Your implementation must be robust to node halting failures, including leader halting failures.
Your implementation must be robust to nodes that restart (i.e., halt and later re-join the system with the same identity).
Your implementation must be robust to varying RPC times.
You cannot change the implementation of the key-value service. I gave you the key-value service code so that you can experiment with it locally. But, your solution should work even if I administer the key value service (i.e., you don't have control over the service).

Assumptions you can make

The key-value service does not fail/restart and does not misbehave.
No network failures.
Each node has a unique identifier (specified on the command line).
The key-value service is dedicated to nodes in your system (one KV-service per student group).

Assumptions you cannot make

Nodes have synchronized clocks (e.g., running on the same physical host).

Solution spec

Write a go program node.go that implements a node in the system, as described above, and has the following usage:

go run node.go [ip:port] [id]

[ip:port] : address of the key-value service
[id] : a unique string identifier for the node (no spaces)

What to hand in:

A writeup (at most one page long) that describes your design and how it satisfies the above requirements.
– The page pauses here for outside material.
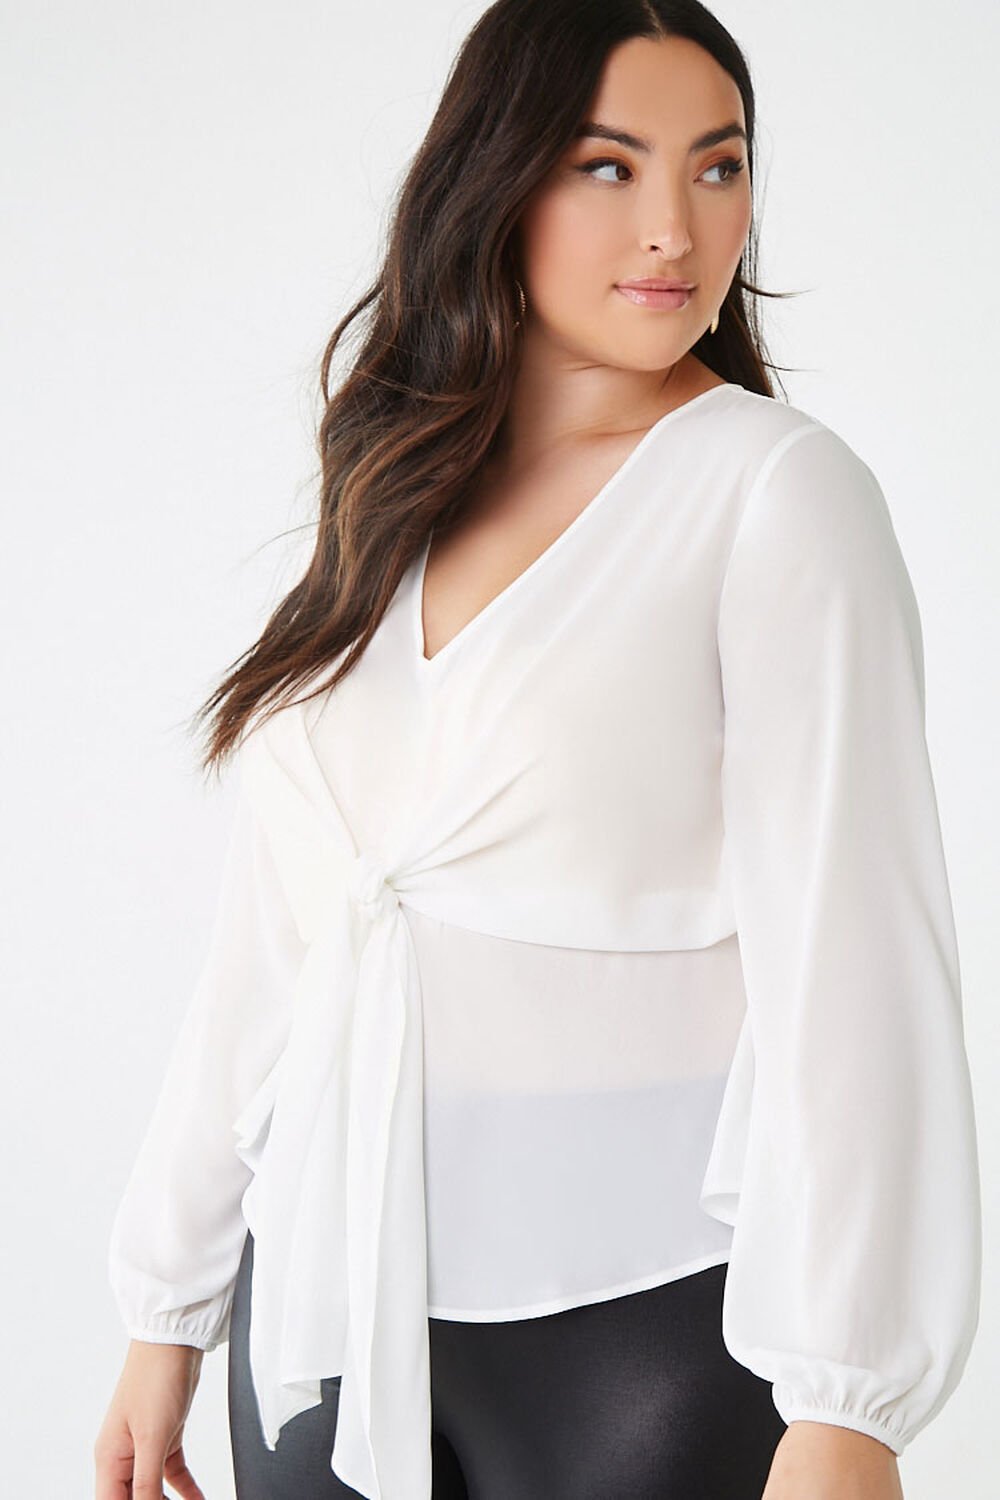 Plus Size Knotted Top

The writeup should be in .pdf format and should appear at top-level as design.pdf file in your repository.
Your implementation of a node in the system as node.go.

Advice

Be methodical, spec out the core features you need to build and implement them separately. First, ignore key unavailability and design a leader election algorithm that is not robust to node failures and only works with a constant group of nodes. Then, extend the algorithm to handle leader failures and joining nodes. Finally, implement active node tracking/advertising, and at the very end make all of these robust to key unavailability.
Most of the mark will be based on the functionality of your code without key unavailability. Therefore, work towards a complete solution before extending it to work with key unavailability.
The writeup is a key deliverable. Dedicate time to do a good job on cogently describing your design.
Develop a suite of scripts to test your implementation in both the failure-free case and in the case where a variety of failures occur. Here are some examples:

join, elect, advertise, join, re-advertise: One node starts, it is elected the leader and it advertises a list of the one node (itself). A new node joins and the leader advertises a list of two nodes. No key unavailability.
join x 2, elect, advertise: Two nodes start, one is elected a leader, the leader advertises a list of the two nodes. No key unavailability.
join x 3, elect, leader-fail, elect, advertise: Three nodes start, one is elected a leader, the leader advertises a list of the three nodes. The elected leader fails, a new node is elected a leader, and the new leader advertises a list of the two remaining active nodes. No key unavailability.
join x 3, elect, advertise, non-leader-fail, re-advertise: Three nodes start, one is elected a leader, the leader advertises a list of the three nodes. A non-leader node fails. The leader advertises a list of remaining two nodes. No key unavailability.
join x 2, elect, advertise, key-fail, re-advertise: Two nodes start, one is elected a leader, the leader advertises a list of the two nodes. Keys used to advertise the nodes are made unavailable by the key-value service and the leader re-advertises the same set of nodes using new keys.

Make sure that the code you hand in does not generate any stdout/stderr output except the specified output above. We rely on this output in marking your solutions.

Rough grading scheme

Approximate percentages for different aspects of the solution:

25%: Solution has working leader election and nodes advertisement algorithms that work without node failures and without key unavailability.
25%: Solution handles node failures (including leader failures).
10%: Solution handles nodes that restart (rejoin with identical IDs).
30%: Solution handles key unavailability.
10%: The writeup cogently describes the design and how it meets the requirements set out above.

Make sure to follow the course collaboration policy and refer to the assignments instructions that detail how to submit your solution.